Intronisé CEO d’Alpine en janvier, Laurent Rossi dresse une autocritique de la stratégie sportive menée par le Groupe Renault sur le programme F1 au cours des six dernières années. L’écurie usine du Losange, désormais frappée du A fléché, a connu une progression lente contrariée par une saison 2019 décevante, et un millésime 2021 poussif en dépit de l’obtention d’une première victoire. L’absence d’écurie cliente met également en lumière une mauvaise approche côté moteur.

Alpine F1 2021 Italie C 12


" Nous avons fondamentalement changé notre vision de la Formule 1 ", explique Laurent Rossi pour le compte d’Auto Motor Und Sport. " Avant, c’était toujours un sujet pour l’ensemble du comité de direction et du groupe Renault. Maintenant, la Formule 1 appartient à Alpine et est donc principalement entre les mains de notre président Luca de Meo et de moi-même. Et nous avons décidé que nous resterions en Formule 1 pour les cinq à dix prochaines années. Une victoire ne change pas notre stratégie, mais elle nous aide à y croire. "
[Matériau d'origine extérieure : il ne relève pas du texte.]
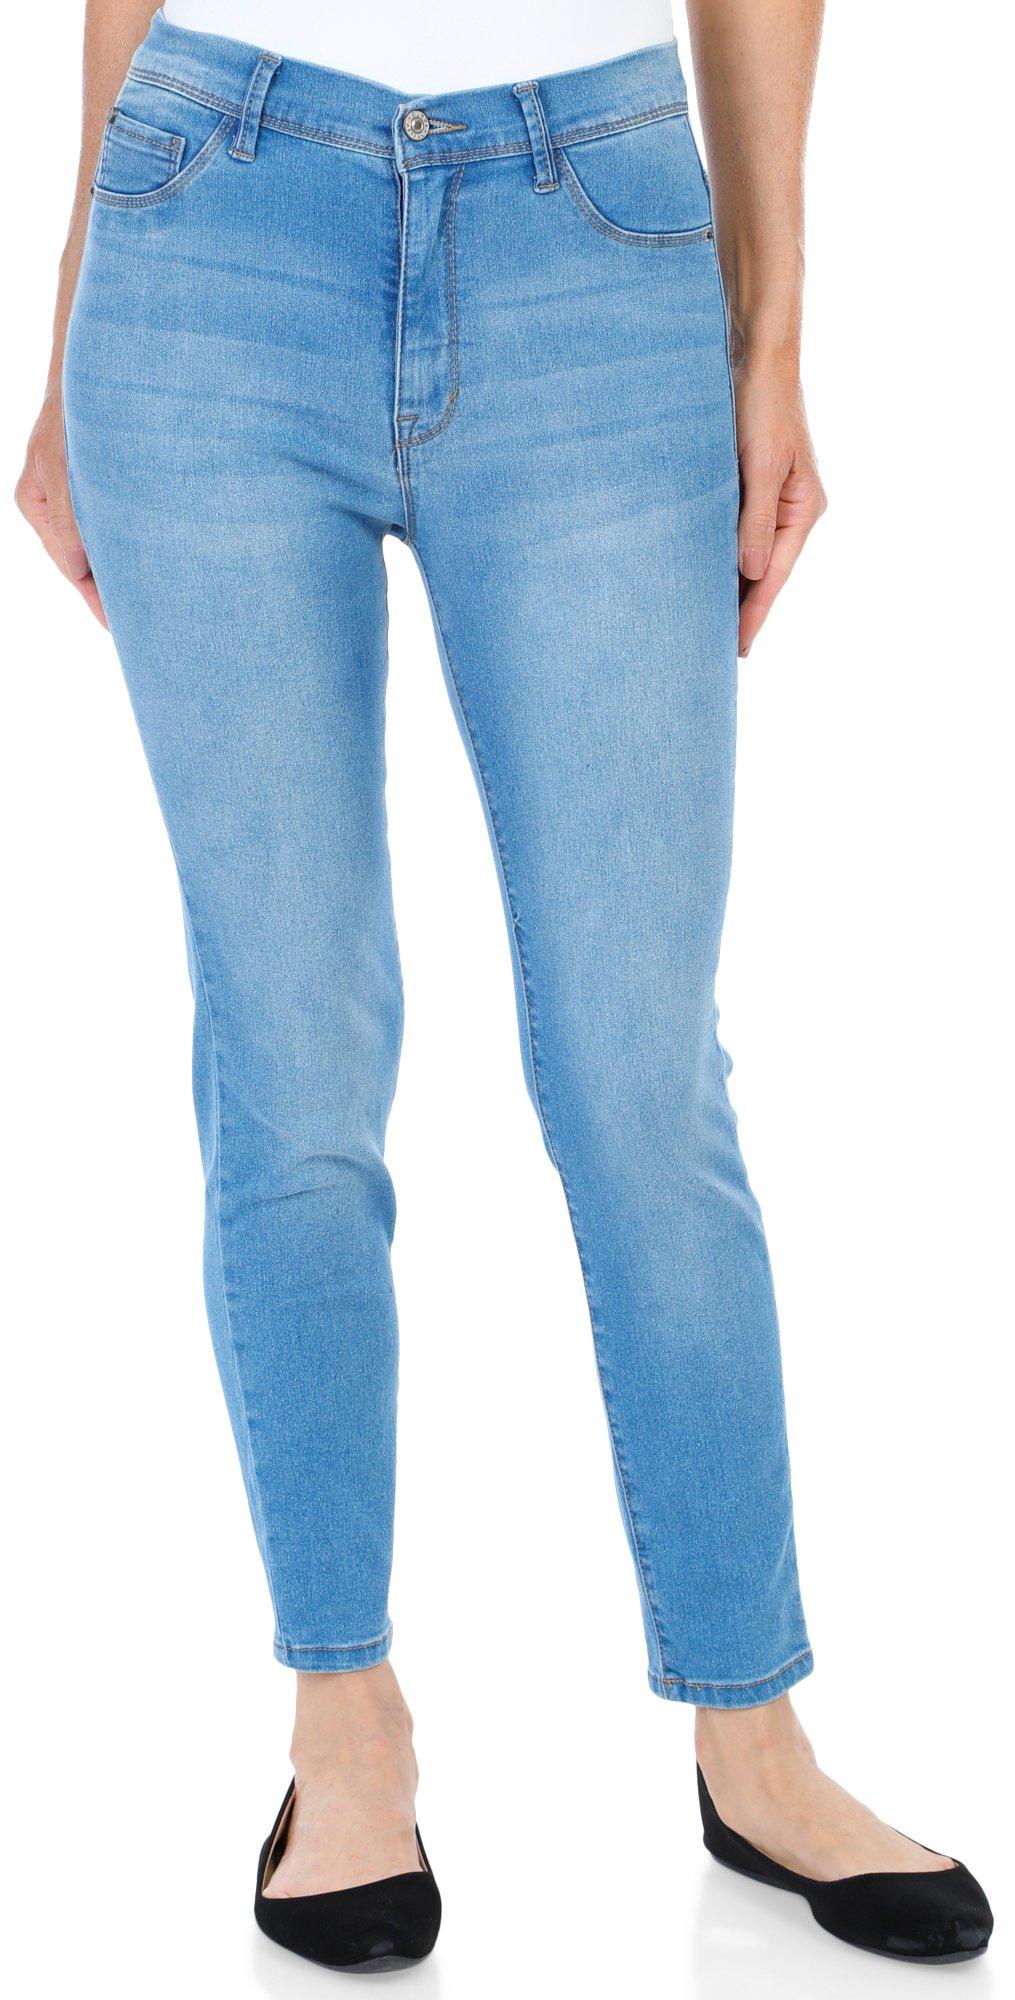 Wax Jeans Womens/Juniors Luscious Basic Bootcut/Straight Stretch Blue/Black  Denim Jeans Pants

Le CEO d’Alpine regrette la décision de ne pas avoir développé le moteur pour cette saison 2021. L’équipe paie aujourd'hui ce choix par un déficit de performance vis-à-vis de la concurrence, et peut potentiellement le payer demain en ayant pris le risque de lancer en un seul jet une copie complètement nouvelle.

" Je ne pense pas que ce soit un avantage de se retenir avec le développement. Je dirais même que cela aurait été mieux si nous avions eu une évolution du moteur cette année, ce qui nous aurait donné une meilleure base pour le moteur de 2022. Maintenant, nous devons franchir une étape significative avec deux longueurs de retard sur les autres ", regrette Laurent Rossi.

Renault souffre également d'un déficit d'image lié aux dernières années Red Bull où les critiques et tensions ont été nombreuses, conséquences d'un Power Unit pas au niveau attendu. Le bloc français a su toutefois progresser par la suite, au point de briller en 2019 et 2020 sur des circuits rapides tels que Monza ou Spa-Francorchamps. Pour autant, les clients ne se sont pas bousculés, tandis que McLaren a refusé une collaboration plus étendue.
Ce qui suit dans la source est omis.